In certain embodiments, a force sensor may also be incorporated to provide additional data to the controller. Because gravity infusion is variable from moment to moment due to factors external to the gravity infusion system, data should be generated and processed in an ongoing basis in order for the controller to maintain an accurate rate. In one such embodiment, the sensor would be located on the anvil 174 or other surface against which the tubing is being pressed. The force sensor could be positioned over the anvil, or behind it, provided the anvil is allowed to move laterally with the direction of the force being applied by the tip 173.

An alternate clamp 170 is illustrated in FIG. 6. In this example, a solenoid 176 is used to allow or prevent the flow of fluid through a tubing set by pinching and releasing the tubing set. The end of the solenoid's armature contains a head 177 sized and arranged to pinch the lower tube when pressed against it. In this example, the head is more flattened than the version of FIG. 5. The servo would extend or retract as needed to allow short intervals of fluid flow, or dictate when individual fluid drops fall through the drip chamber. This rate at which the solenoid opened to allow drops or fluid to flow could then be used to set the desired flow rate communicated by the microprocessor. An anvil or solid surface 178 supports the tubing set and prevents the lower tube from moving during actuation.

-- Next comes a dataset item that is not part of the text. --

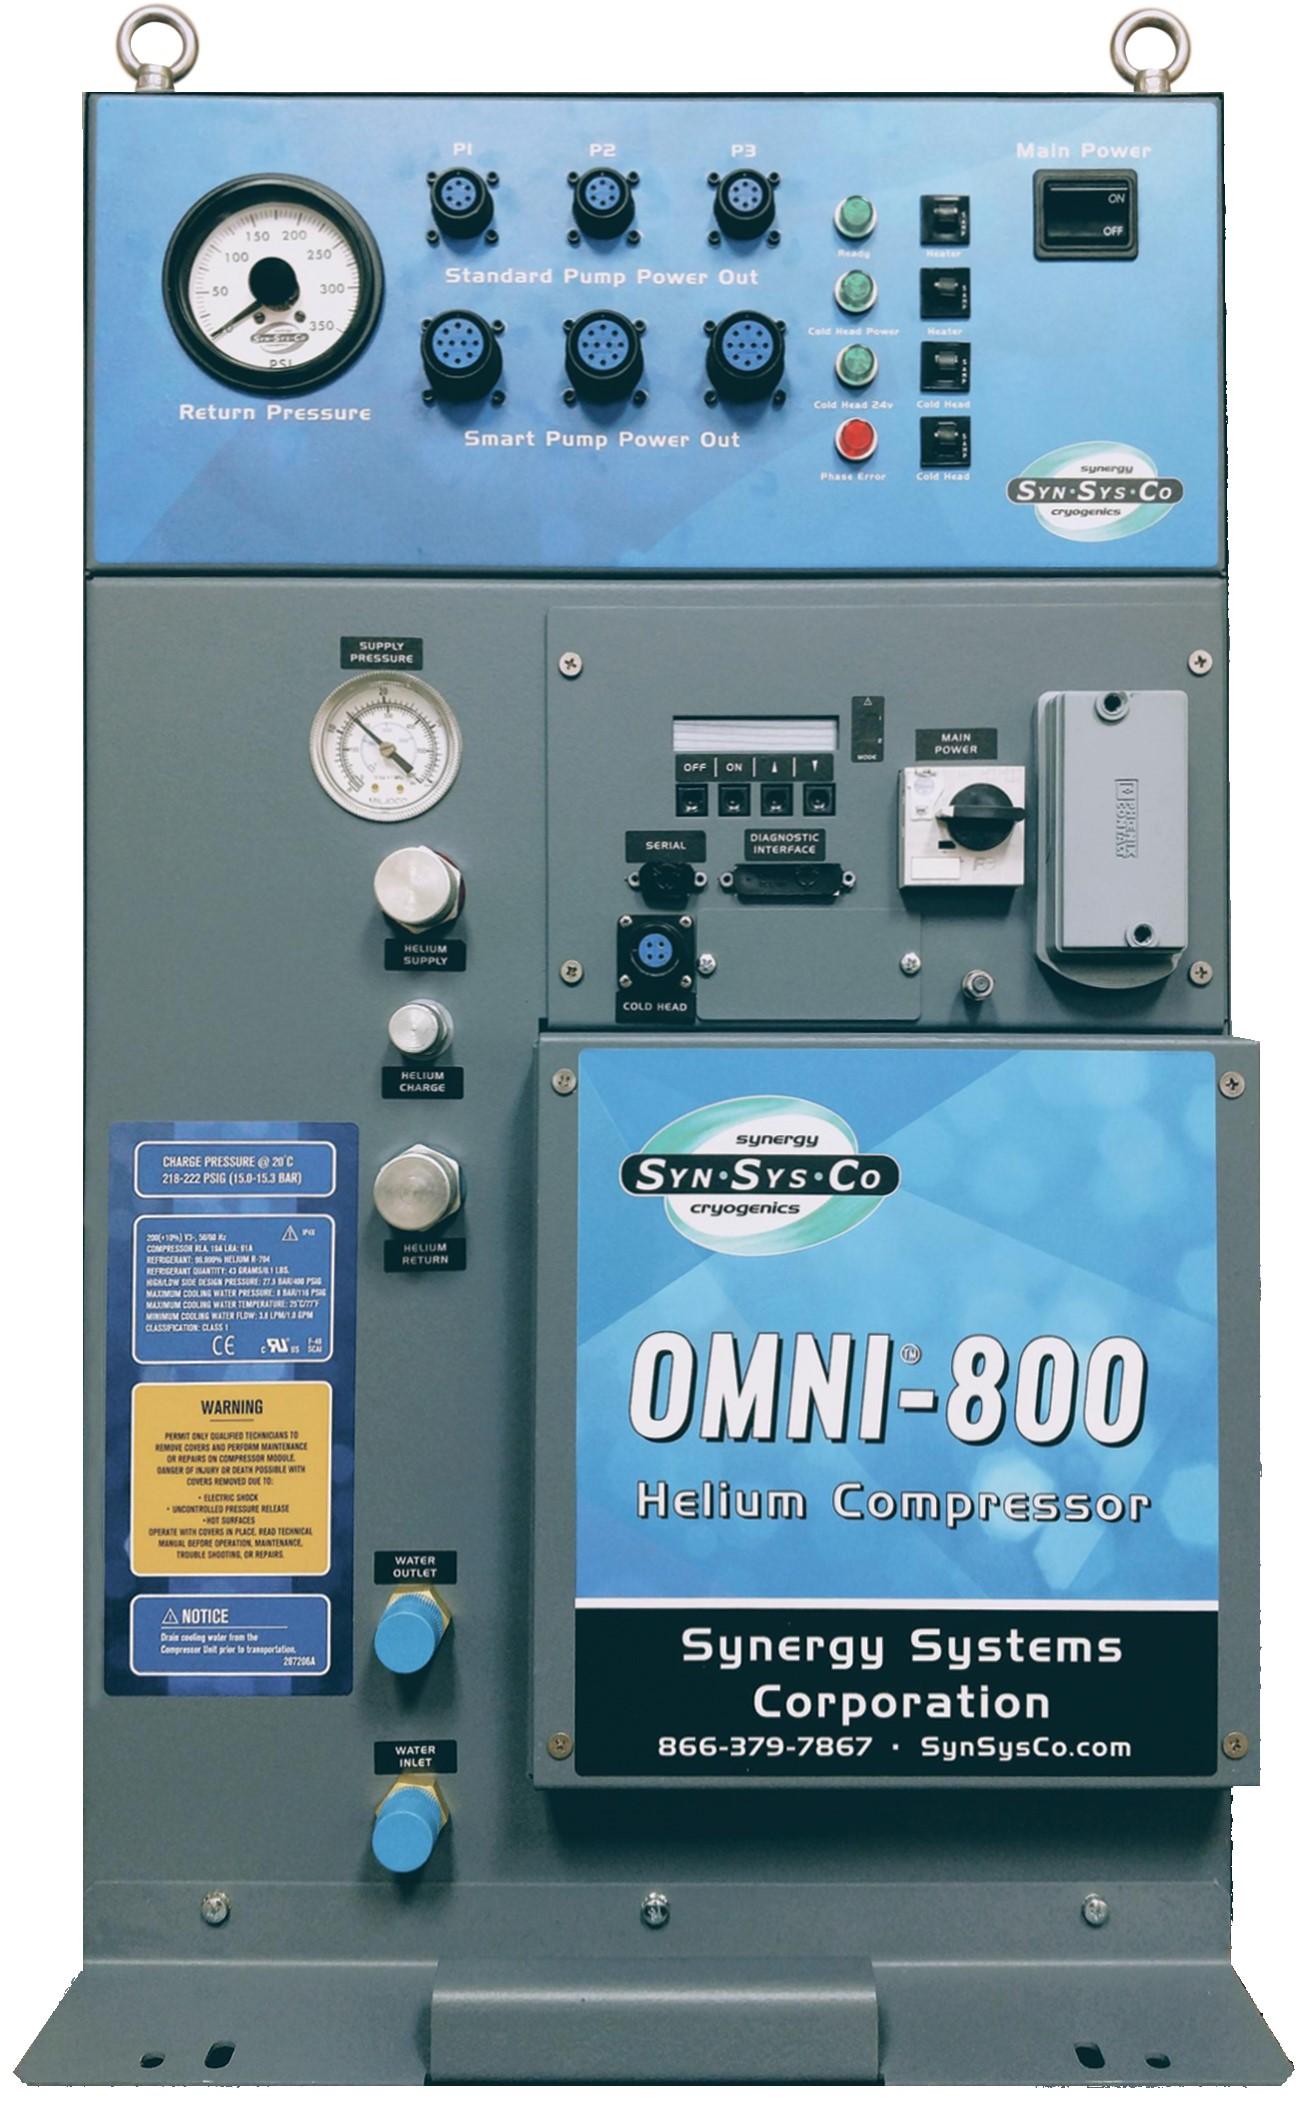 OMNI® 800 Helium Compressor

In another embodiment of the system, as illustrated in FIG. 7, the actuator may push against a mechanical valve integrated into the tube, rather than pressing against the tube itself. In this case, a motor 191 connected to an actuator arm or lead screw 192 pushes a plunger 193 positioned within the controller. A tubing set containing a mechanical component in-line with the fluid and tube is then inserted into the controller opposite the plunger. The mechanical component 194 contains a spring-loaded stem of a valve 195 that the plunger 193 pushes against. This valve system is in-line with the fluid flow and tube 140. The valve components are preferably configured as part of the tubing set, separate from the controller. To limit flow rate, the plunger pushes towards the stem, closing the valve. The valve may be a globe or needle valve design, or yet other forms of valves operable to control flow through a tube. Inconsistent and changing flow rates are seen in plastic tubing due to the stretching, relaxing, and flexing of the plastic material as it is deformed. Providing this rigid mechanism eliminates the issues of plasticity of the tubing set. The actuator can move the valve stem in either direction to increase and decrease flow rate through the tube based on what the user specified as the desired flow characteristics. If the controller measures the flow to be different than the user input value and this information sent to the microprocessor. The software on the microprocessor then determines if the flow rate needs to be increased or decreased, and sends a signal to the actuator to move the plunger forward or backward to achieve the desired flow change. An acceptable error between the measured flow rate and the user-input flow rate would be defined. To reduce the need for frequent and power-draining adjustments, the flow rate can alternate between a high and low state relative to the desired rate to achieve the desired flow rate as an average over a specified amount of time.

FIG. 8 illustrates a block diagram of a preferred implementation of a flow rate monitoring system. The controller 100 includes a power supply 212, which may be in the form of batteries or AC, and which powers the other components of the controller. Though a single power supply is illustrated, more than one power supply may be provided for the different components. A transceiver 214 is included with the controller, and configured to wirelessly communicate with the scale or strain gauge 180 and optionally with a remote monitoring unit. In other versions, the communication in each case may occur in a wired configuration. The strain gauge is mounted to the fluid reservoir 160, which leads to the tubing 140 and is preferably connected to a clamp 170 of any of the types described above. The controller further includes an internal processor device such as microcontroller 218 with associated memory 220. A user interface 216 may include the screen, buttons, and speaker, as described above. A communications bus 210 allows for communicative coupling between components as shown.

As used herein, the term “processor device” is not intended to be limiting. Rather, as used throughout the present disclosure, processor device may refer to one or more devices enabled to execute instructions that perform actions. In some embodiments, a processor device may receive input and provide corresponding output in response to the received input. In some embodiments, processor device may include a programmable microcontroller. In some embodiments, a processor device may include a microprocessor. A processor device may include a field programmable gate array (FPGA). In other embodiments, a processor device may include an application specific integrated circuit (ASIC). In some embodiments, a processor device may include a computer and/or a mobile device. In some embodiments, a processor device may include a processing core, memory, input/output peripherals, logic gates, Analog-to-Digital Converters (ADCs) and such. In some embodiments, a processor device may include a plurality of processor devices in communication with one another across a network or a bus.

The microcontroller, or processor device, optionally with a separate memory, contains stored programming instructions operable by the microcontroller to monitor fluid flow rate as a function of drip count. In a fashion as described above, and preferably in accordance with the description of U.S. Pat. No. 10,456,522, the controller monitors flow rate by detecting drops falling through the tubing set, using the photo emitter and detector. Thus, the flow monitoring may consist of an infrared light source and a photodiode mounted on opposing sides of the drip chamber so that the beam crosses through the path of a falling drop. The microprocessor may periodically measure the light sensed by the photodiode and, by sensing the change in detected light, can detect that a drop has fallen. By measuring the elapsed time between detected drops, the microprocessor can measure the drop rate and calculate flow rate.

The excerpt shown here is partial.